Apply strong passwords and access control mechanisms
Weak passwords are the weakest link in the cybersecurity shield. An estimated 8 million passwords are stolen every day. Employees should be encouraged to create and use complex and unique passwords. Passwords should be unique and contain at least 12 characters and a mix of uppercase and lowercase letters, numbers, and symbols. Another good practice is to quarterly update the passwords. Also educate employees not to share password or answers to password related security questions to anyone.
Another blind spot originates from the lack of a centralized monitoring system on data exchange. A centralized data monitoring system helps to keep track of user access of data and spot any mischievous activity. Access control mechanisms can be set to control access to sensitive information on a roles and permissions model basis. An easy and relatively inexpensive way for businesses to defend against potential threats is to reduce their attack surface, in particular reducing data that is redundant, obsolete and trivial (ROT). This should include a comprehensive review and inventory of data repositories.
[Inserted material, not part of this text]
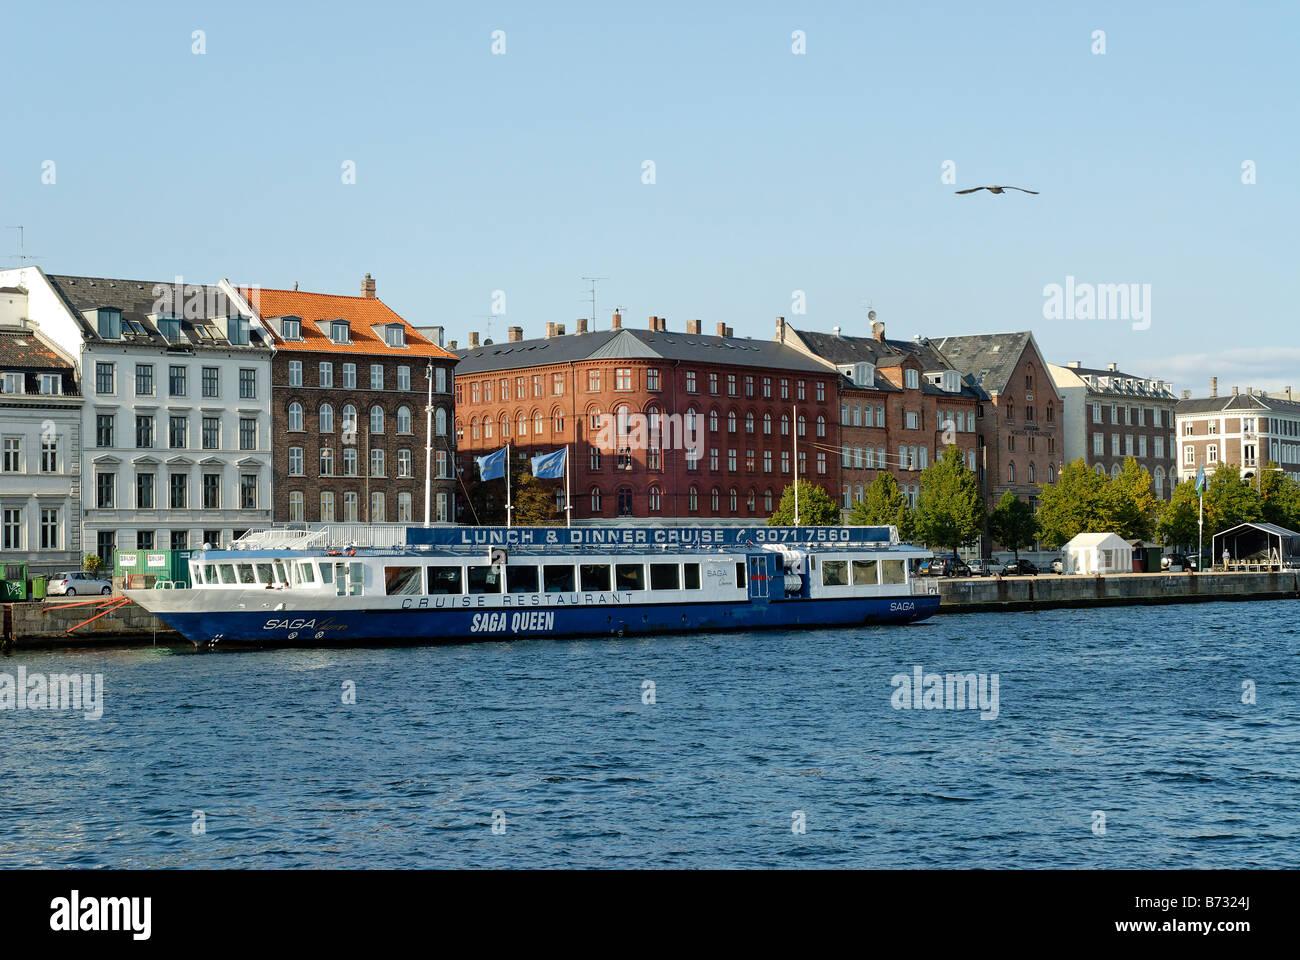 Cruise restaurant at the mooring Copenhagen Denmark - Stock Image

Leverage latest cybersecurity software and techniques
As cybersecurity continues to be a rapidly transforming landscape it is important to maintain the cybersecurity software your enterprise uses in their latest version. Selecting cybersecurity software should be carefully assessed based on industrywide recognition. The latest techniques should be implemented to maintain strict security posture that includes but not limited to data encryption while exchanging data, firewalls at the edge of two interacting environments, intrusion detection systems, and data back up.
Educate employees about potential risks and train about latest security practices
Cybersecurity training will bring awareness among your employees of the latest cybersecurity practices. Educating your employees on the security risks associated with their activities, their functions and duties to maintain security, and roles to mitigate cyberattacks will contribute to overall cybersecurity awareness across your organization. The 2022 Global Risks Report produced by the World Economic Forum revealed that 95% of cyber security threats were partially accounted for by human error. Therefore, it is important to educate your employees on various cybersecurity facts like what a phishing email looks like, what makes a good password, what constitutes exemplary cyber etiquette and train them time to time on the latest cybersecurity trends to make cybersecurity a part of your company culture.